There are quite a number of lower level plumbing commands that we must encounter.
While the reflog, interactive rebasing, and resetting may be more complex features of GIT, but they are still considered as a part of the porcelain, as in every other command. In this module, we’ll take a look at Git’s plumbing—the low-level commands that give us access to Git’s true internal representation of a project.
Unless you start hacking on Git’s source code, you’ll probably never need to use the plumbing commands presented below. But, manually manipulating a repository will fill in the conceptual details of how Git actually stores your data, and you should walk away with a much better understanding of the techniques that we’ve been using throughout this tutorial. In turn, this knowledge will make the familiar porcelain commands even more powerful.

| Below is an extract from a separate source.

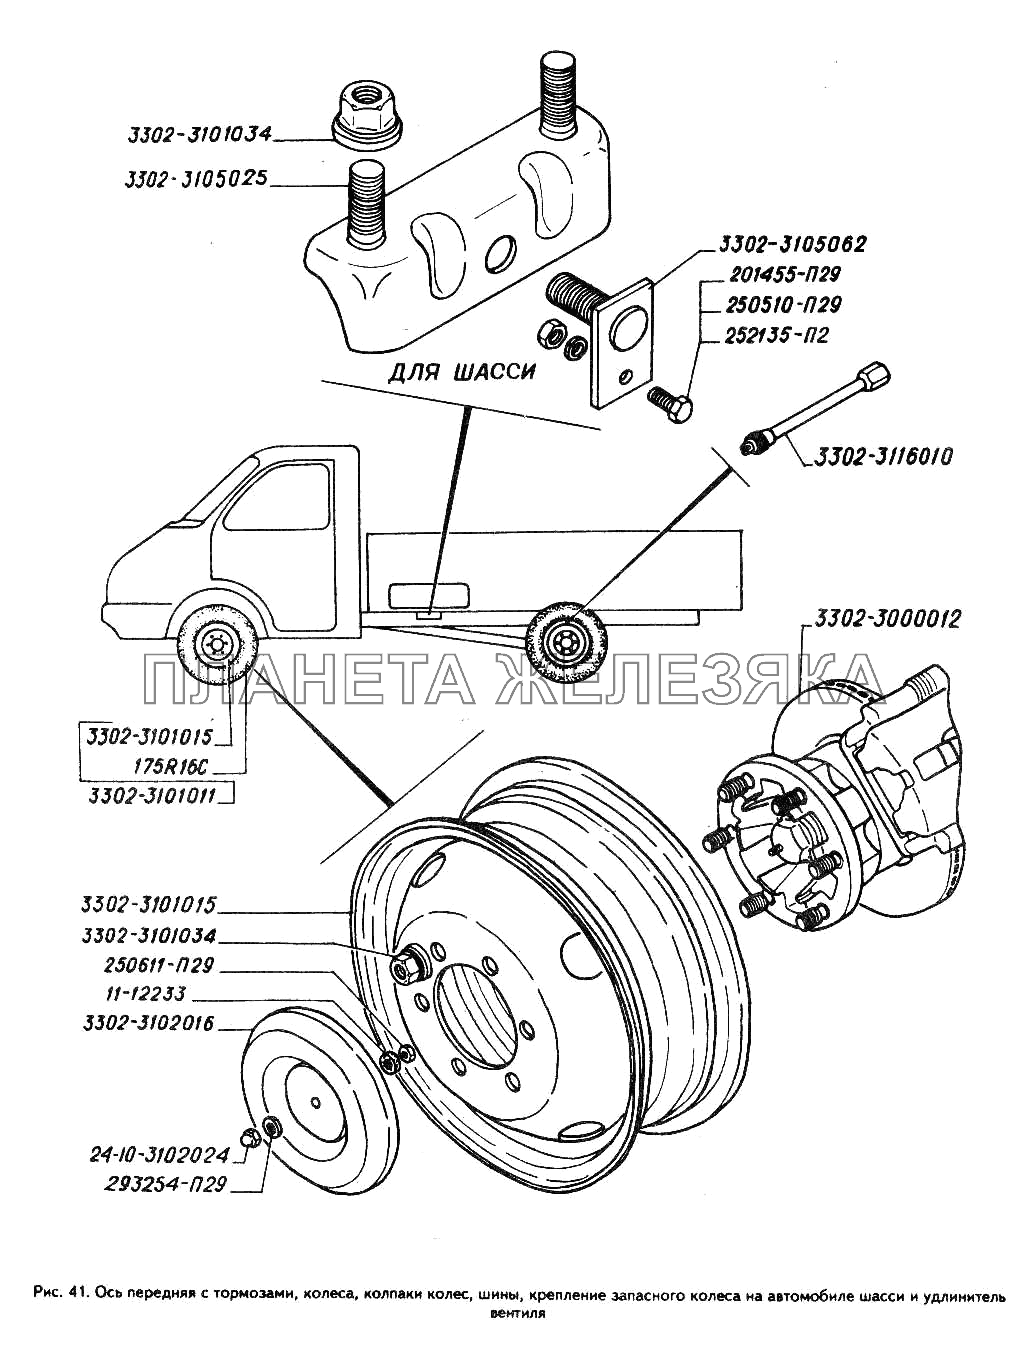 Колеса, колпаки колес, шины, крепление запасного колеса на автомобиле шасси и удлинитель вентиля, ось передняя с тормозами ГАЗ-3302 (ГАЗель)

We’ll start by inspecting Git’s object database, then we’ll manually create and commit a snapshot using only Git’s low-level interface.
DOWNLOAD THE REPOSITORY FOR THIS MODULE
If you’ve been following along from the previous module, you already have everything you need. Otherwise, download the zipped Git repository from the above link, uncompress it, and you’re ready to go.
After you have created several commits, or if you have cloned a repository with an existing commit history, you’ll probably want to look back to see what has happened.
First, let’s take a closer look at our latest commit with the git cat-file plumbing command.
git cat-file commit HEAD
The commit parameter tells Git that we want to see a commit object, and as we already know, HEAD refers to the most recent commit. This will output the following, although your IDs and user information is different.
tree 552acd444696ccb1c3afe68a55ae8b20ece2b0e6 parent 6a1d380780a83ef5f49523777c5e8d801b7b9ba2 author Ryan 1326496982 -0600 committer Ryan 1326496982 -0600 Add .gitignore file
This is the complete representation of a commit: a tree, a parent, user data, and a commit message. The user information and commit message are relatively straightforward, but we’ve never seen the tree or parent values before.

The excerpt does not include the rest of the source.